Anyone know whether we can go back & forth across Canada - US border with our DEET and other insect repellants? We'll be doing some hiking in Acaia, then crossing into QC, then back to NY, then to ON.


----------



## moonstone (Jun 28, 2019)

Laurie said:


> Anyone know whether we can go back & forth across Canada - US border with our DEET and other insect repellants? We'll be doing some hiking in Acaia, then crossing into QC, then back to NY, then to ON.

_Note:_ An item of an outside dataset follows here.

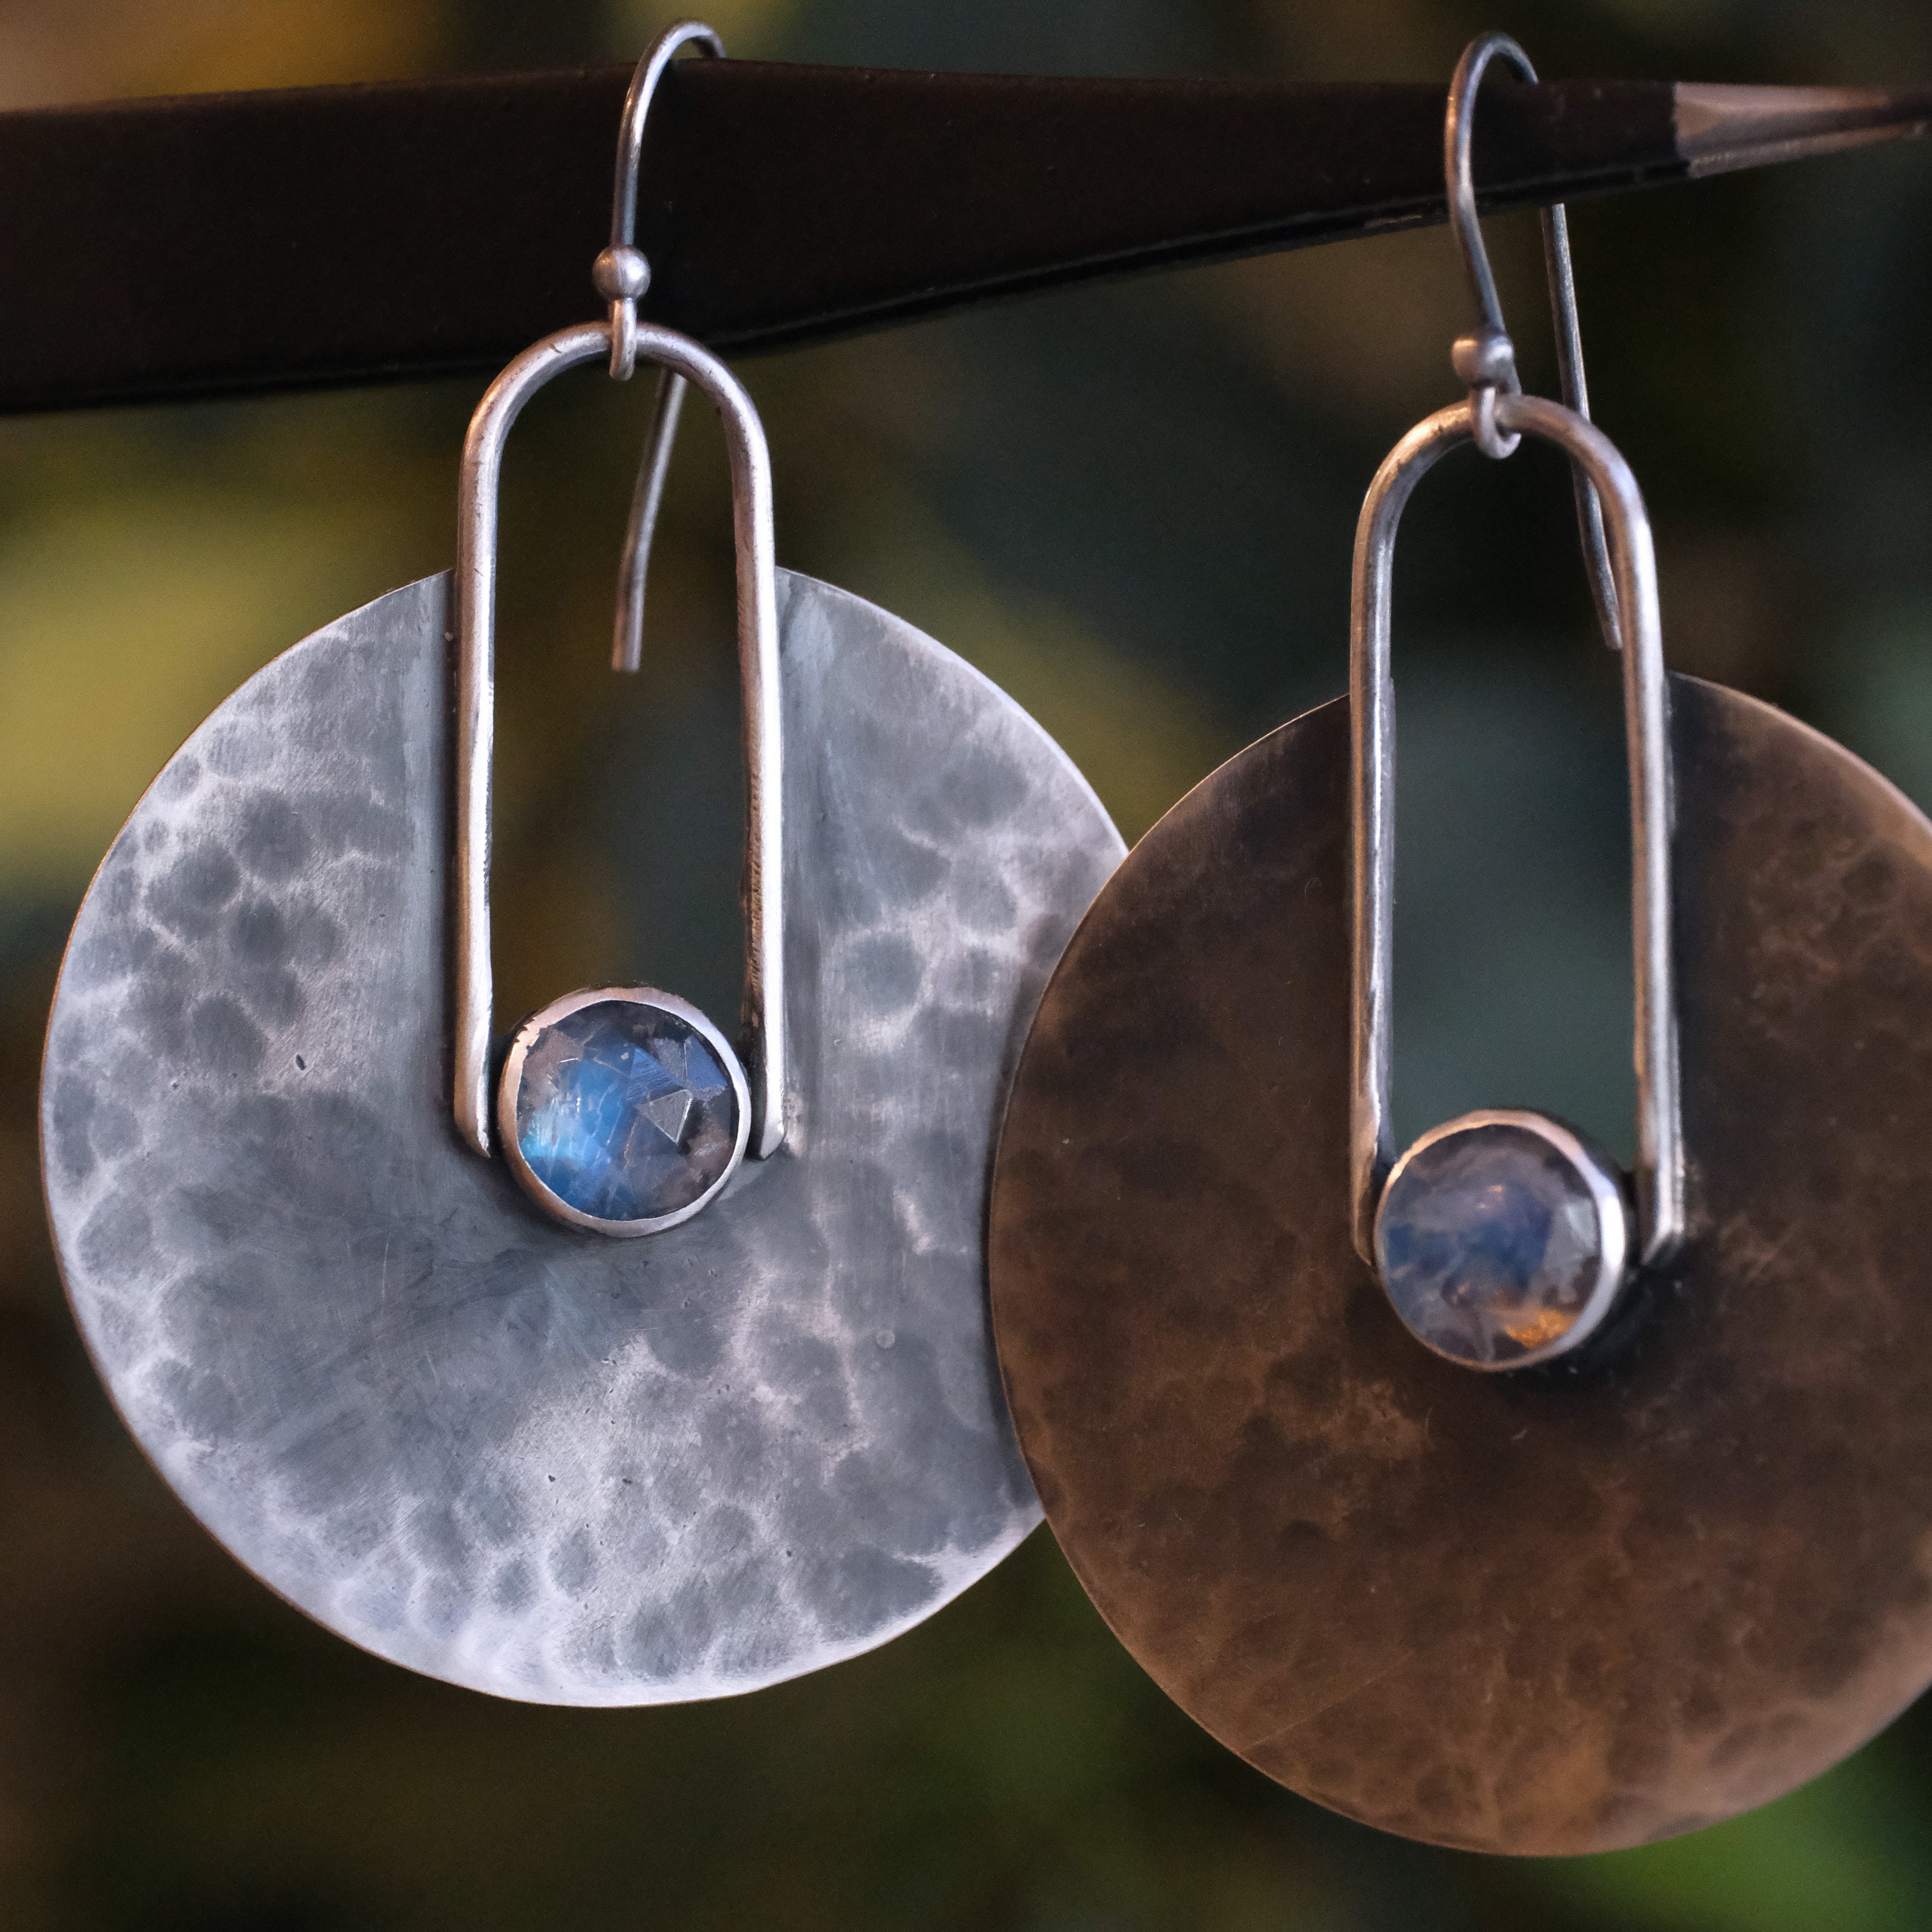 Moonstone + Sterling Relic Earrings - One of a Kind

We cross the US/Canada border a few times a year with and without our camper and have never been asked about any type of bug spray. I cant see why there would be a problem with DEET as its available in bug spray in both countries. Now bear spray is another question.


~Diane


----------



## CanuckTravlr (Jun 28, 2019)

Agree with Diane.  We have taken DEET-based repellent across the border in both directions by land and air lots of times with no issues.


----------



## bizaro86 (Jun 29, 2019)

I buy 28% deet bug spray at the camping store here in Canada. I can't imagine anybody would ask or care that you had it.


----------



## Laurie (Jun 29, 2019)

Thanks everyone, we won't worry about the DEET. Now the bears... !!  We'd bought bear spray during Glacier/Yellowstone trip, and thrice went hiking without it, to our huge regret and for totally stupid reasons. Then had to give it back before flying home. That stuff was expensive!


----------